When the City of Harlingen passed a strong smoke-free ordinance, it was like a dream come true for Texas volunteer Ruthie Ewers.  Ruthie has been the driving force behind the Harlingen smoke-free initiative that started more than 8 years ago.

Passionate about improving her community and the lives of its residents, she has been determined to protect Harlingen employees from secondhand smoke exposure since 2005.

A past president of the Cameron-Willacy County American Heart Association, Ruthie co-chaired the 2005 Smoke-Free Harlingen coalition.
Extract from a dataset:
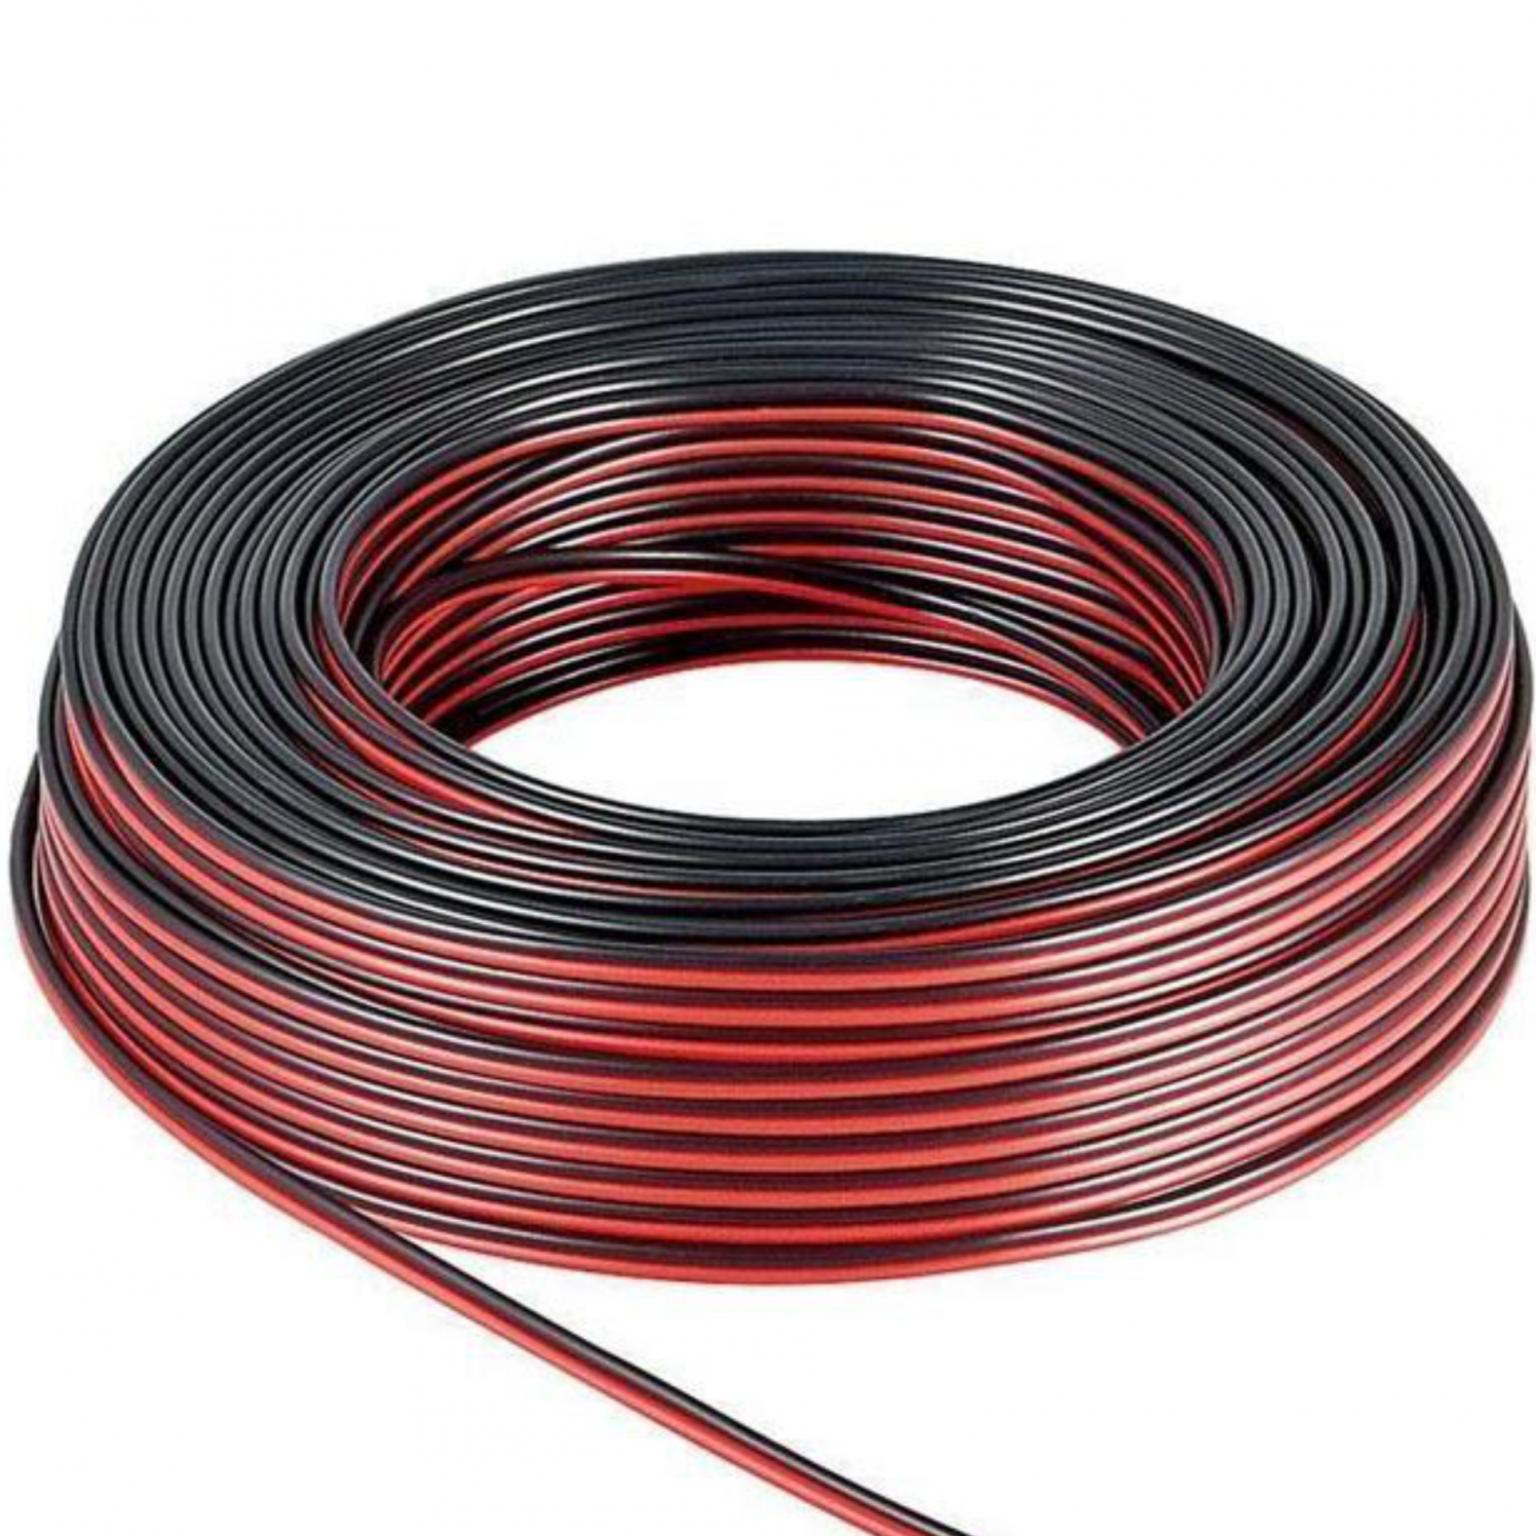 Image of Loudspeaker cable red/black CCA 50 m roll, cable diameter 2 x 2,5 mm?

The coalition succeeded in expanding the Harlingen smoke-free ordinance to include most worksites, including restaurants. In February of 2014, Ruthie made it her mission to “finish the job” and ensure that ALL worksites in Harlingen would be smoke-free.

Three months later, the City passed a comprehensive smoke-free ordinance that covers all worksites, including restaurants, bars, private clubs, and gaming facilities. This public health win is due, in large part, to Ruthie’s grassroots efforts to educate and inform the mayor and city commissioners about the ordinance and to include all stakeholders in the process.

Ruthie has a reputation for rolling up her sleeves and getting the job done in her community. It’s not surprising to see a “Don’t Mess with Ruthie” bumper sticker every now and then when driving through town, and residents are lucky to have her on their side.

Harlingen residents and employees can now breathe easier thanks to Ruthie and all You’re the Cure advocates who stood up for the right to breathe smoke-free air.

Ruthie will continue working with the American Heart Association as a member of the Texas Smoke-free Leadership Council.